Shit, I really, really am.
“Never mind. Goodnight, Riley.”
I hear Remington’s deep voice. “Who is it?”
And I run to my room and shut the door, feeling numb inside. This time when I slip back into bed, I’m pretty sure every inch of arousal has fled my system, but I still can’t sleep. Because now the woman Remington is kissing in my mind so hungrily with that full, beautiful mouth of his, the woman who gets to lick that scarred cut on his lip that I got to put salve on, is unfortunately, not me.
Remy is sparring today the way Coach thinks he should have fought yesterday.
He’s knocked out two of his sparring partners, though, and now Coach is pissed once more.

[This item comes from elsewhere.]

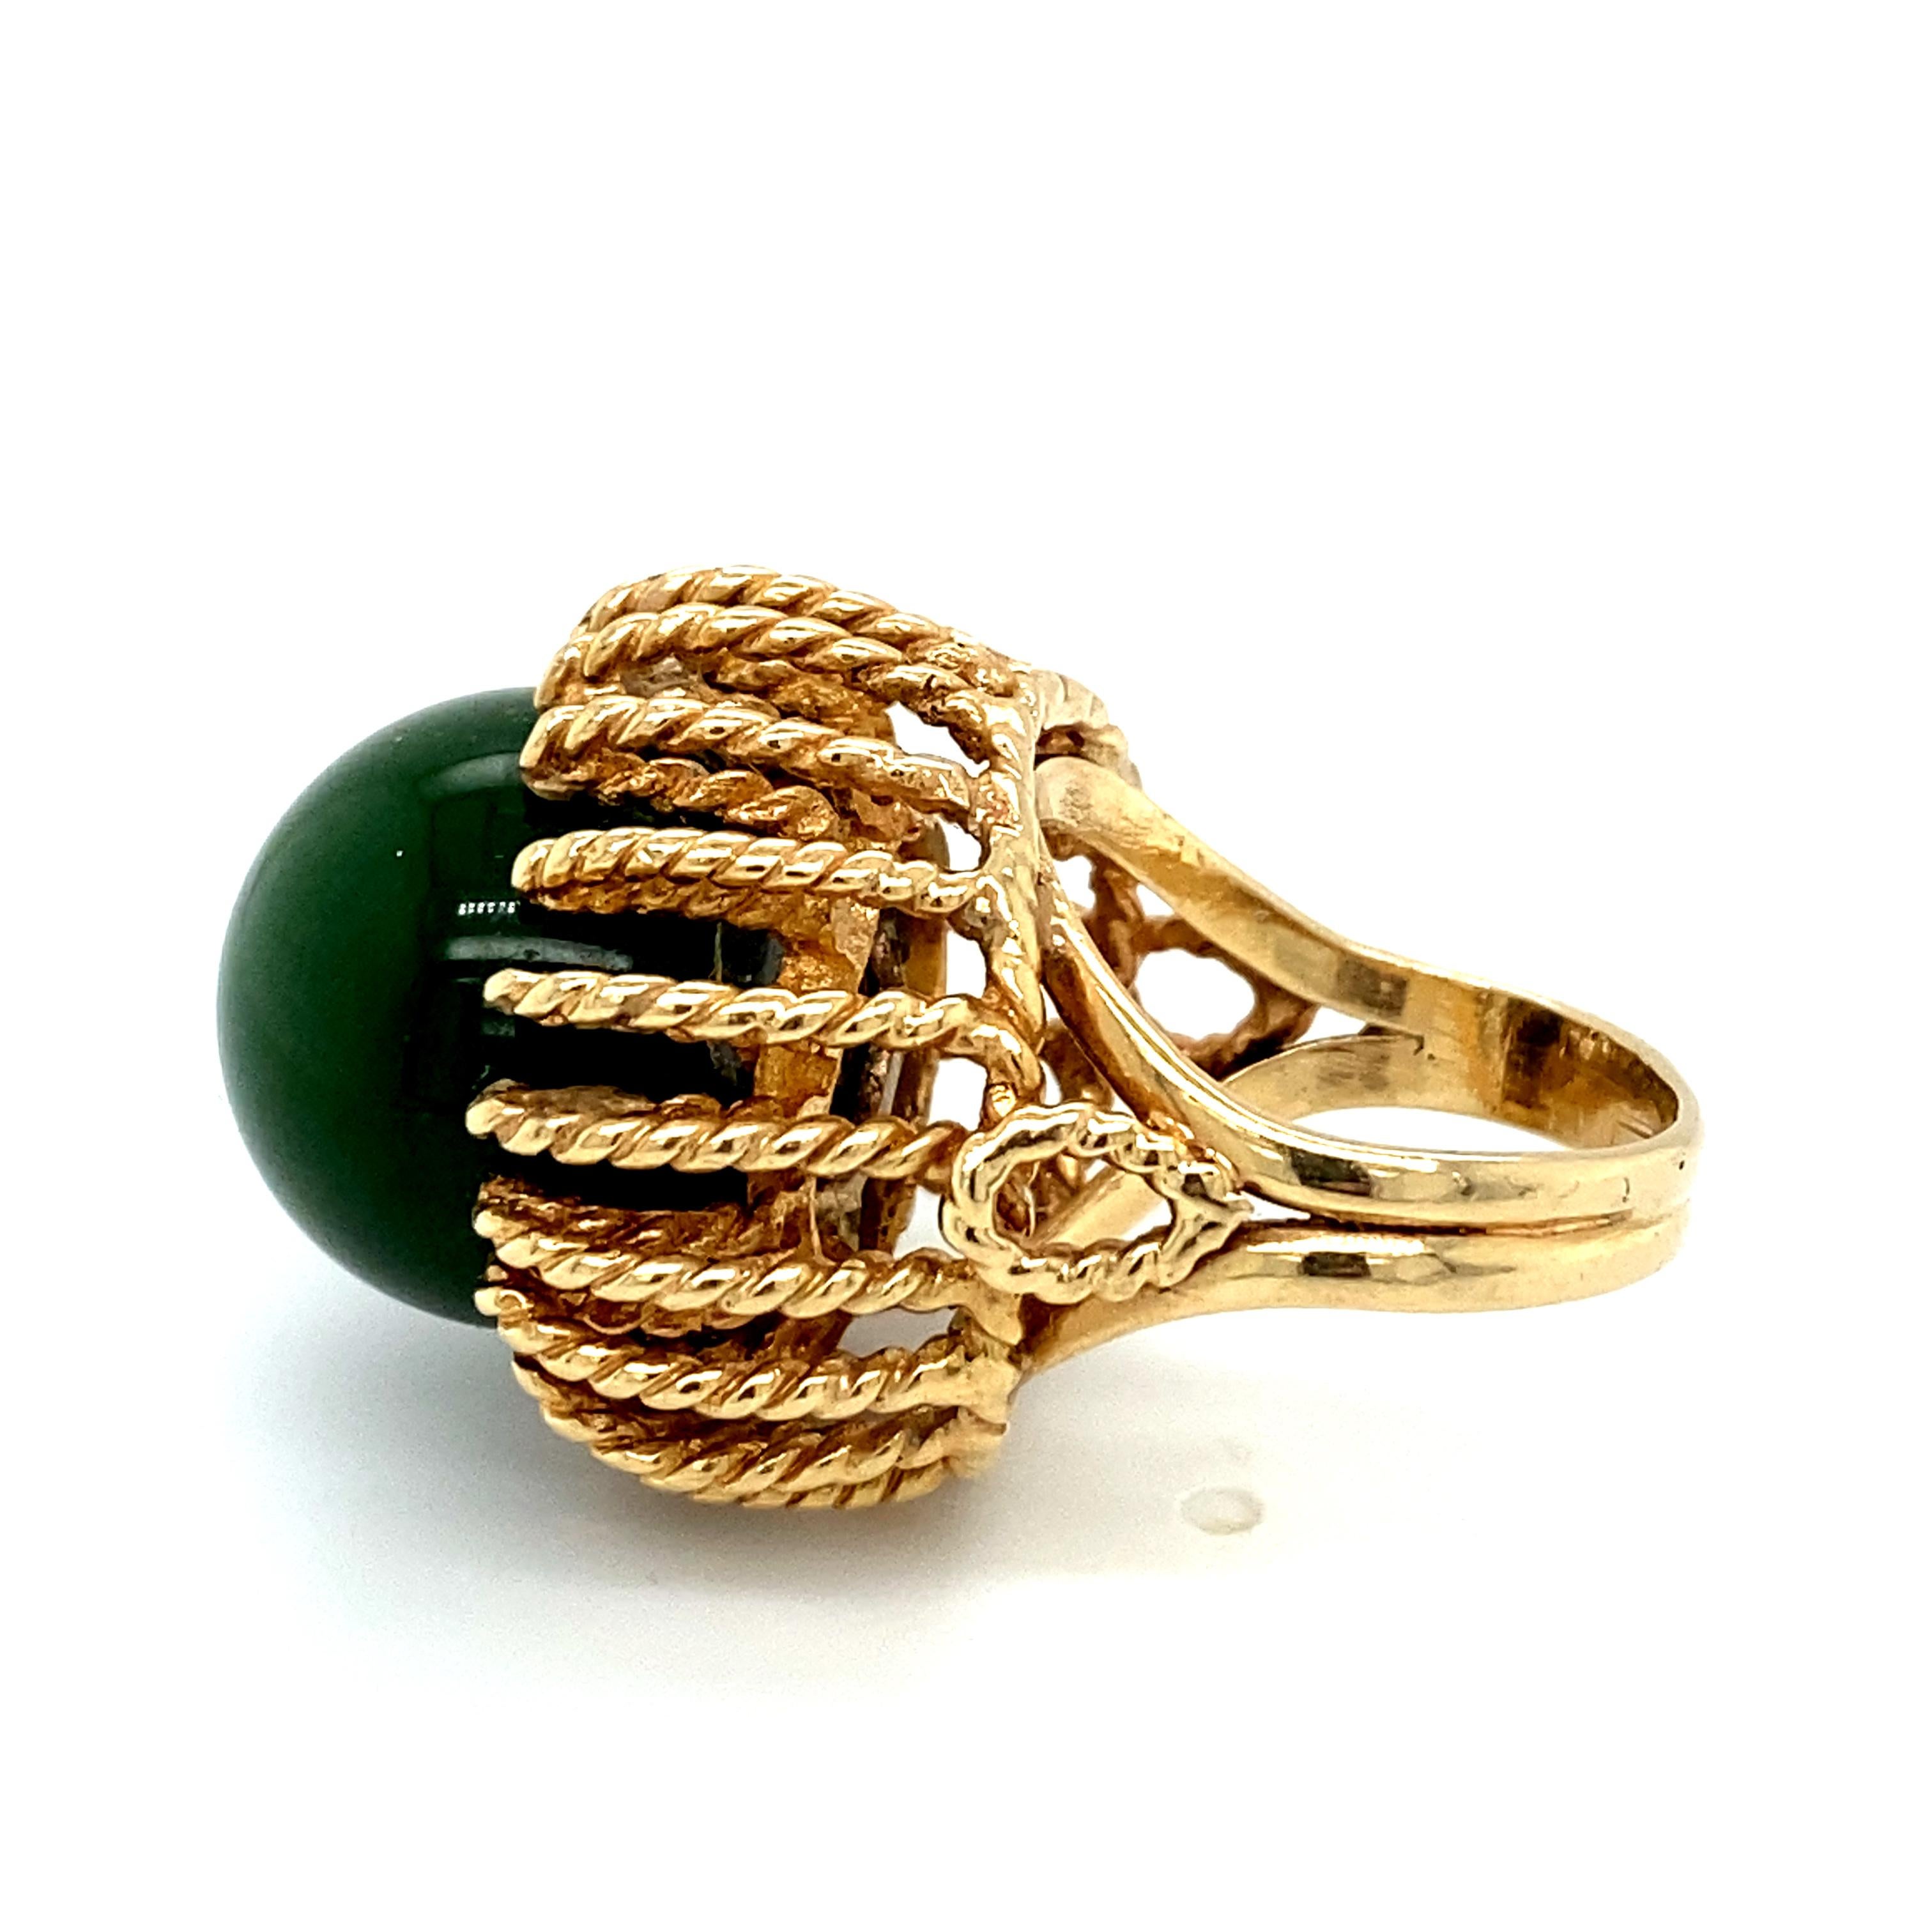 Retro Circa 1960s Green Jade Cocktail Ring in 14 Karat Yellow Gold For Sale

“These are sparring partners, Tate. If you’d only stop knocking them down and just have fun and work on your moves, you’d still have someone to train with today … now we’ve run out and you have no one to spar anymore.”
“Then stop giving me little pussies, Coach.” He spits off the ring. “Send Riley up here.”
“Ha. Not even if he were suicidal. I need him conscious tomorrow.”
“Hey, I know how to spar,” I tell Riley from where we watch at one outside corner of the ring.
His blond head swings to mine, and he suddenly looks impressed. “You did not just offer to go up with this guy?”
“Sure I did. I can show the guy moves he hasn’t even seen,” I boast, but frankly, I just want the opportunity to kick the shit out of Remington for being such a womanizing shithead that makes me fantasize day and night. And for licking the electrolyte packet after I did. What a flirting dickwad.
“All right, Rem, I’ve got a little something for you,” Riley calls, clapping to get his attention. “I know for sure he’s not going to knock out this one, Coach,” he calls out to Lupe at the other corner, and he signals laughingly at me.
Remington sees me, and tosses the head gear on the floor as he watches me hop onto the ring, in my tight little black one-piece tracksuit. His eyes rake me, like they always do. He’s such a man, he can’t help checking me out every time I walk toward him. But as I approach, his eyes glint in amusement, and slowly, his smile appears, and it just pricks my irritation.
He’s been moody today, from what I—and his fallen sparring partners—could tell. But my own grumpiness rates about a solid ten too. Not even coffee lifted my spirits this morning, and yet I know this will. Even if I lose, I just want to freaking spar with someone.